Seen today enroute to Tower Bridge,I feel so proud,mixing it with the Sarf London boys.


----------



## ianrauk (10 Sep 2012)

Miquel In De Rain said:


> Seen today enroute to Tower Bridge,I feel so proud,mixing it with the Sarf London boys.


 
Noted


----------



## Miquel In De Rain (10 Sep 2012)

ianrauk said:


> Noted


 
Thanks.

Sarf of the river,I was heading East and it was pointing West.
(From Waterloo to Leytonstone)


----------



## smokeysmoo (10 Sep 2012)

I can't believe they don't have a 1 POO or similar


----------



## Miquel In De Rain (10 Sep 2012)

smokeysmoo said:


> I can't believe they don't have a 1 POO or similar


 
It's great isn't it?

Not sure if I saw one before but as soon as I saw the van I looked at the number plate.
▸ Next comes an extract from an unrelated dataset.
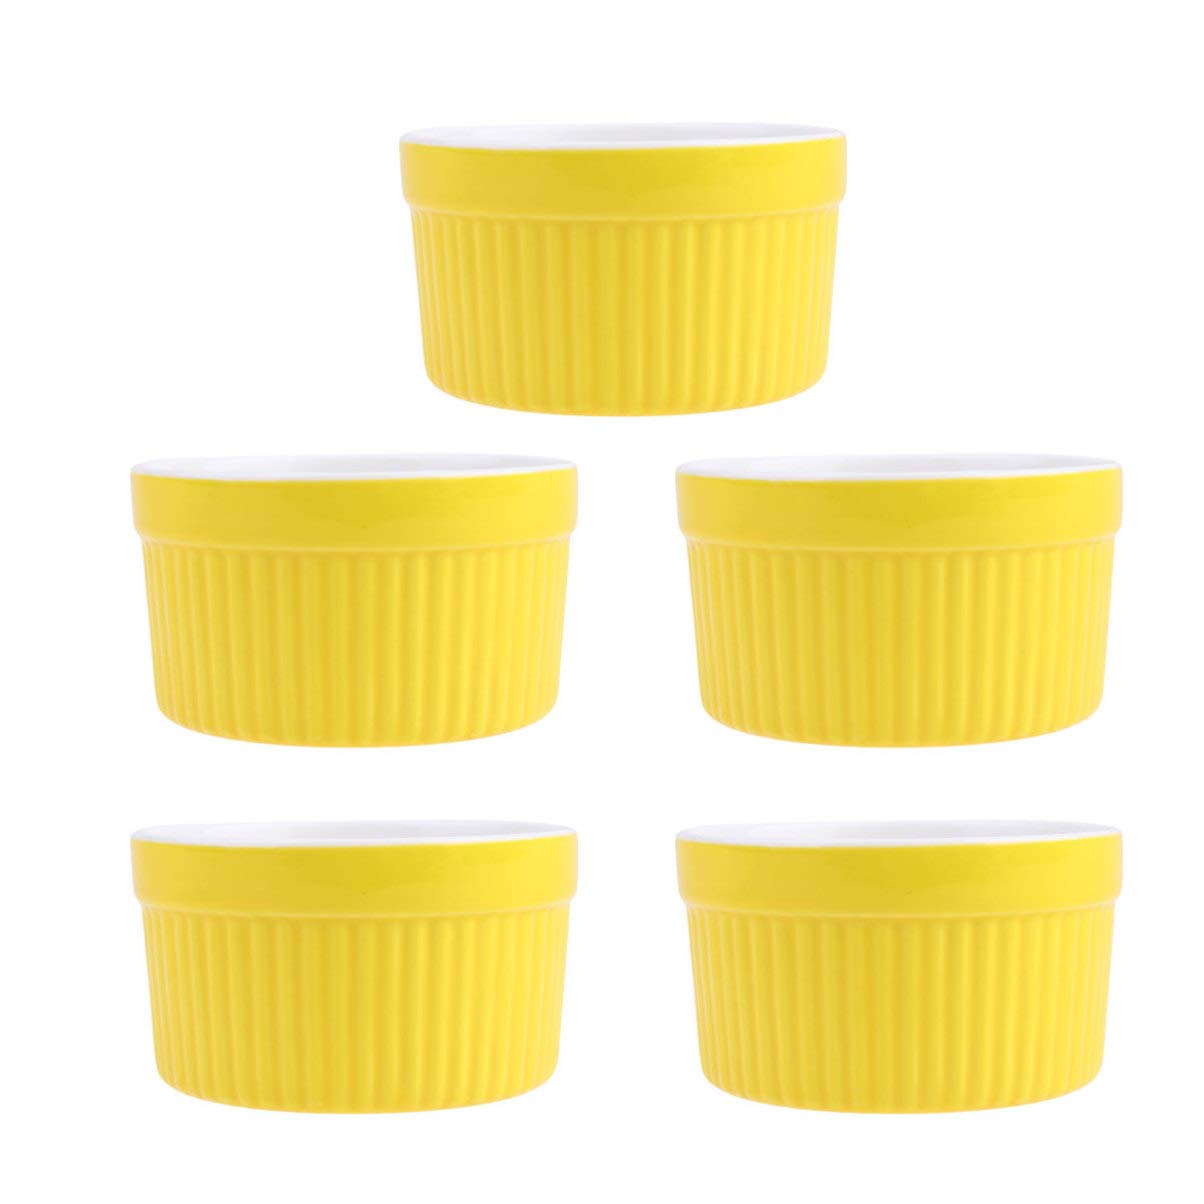 PRETYZOOM Ceramic Ramekins Porcelain Dishes Dessert Custard Baking Cup Round Ceramic Pudding Cup Bowl Ramekins Bakeware for Baking Serving Creme Brulee Lava Cake 5pcs

http://www.regtransfers.co.uk/main/stories/f1ush.asp


----------



## Beebo (17 Sep 2012)

I saw L 13ULB yesterday.


----------



## Miquel In De Rain (17 Sep 2012)

There I was up the Evans Road on the way home and I had chased this to get the registration and it's the same blasted one as last time.Gutted,absolutely gutted.

I was like a kid opening up a present,only had to get past the Addiscum Lee to get to this.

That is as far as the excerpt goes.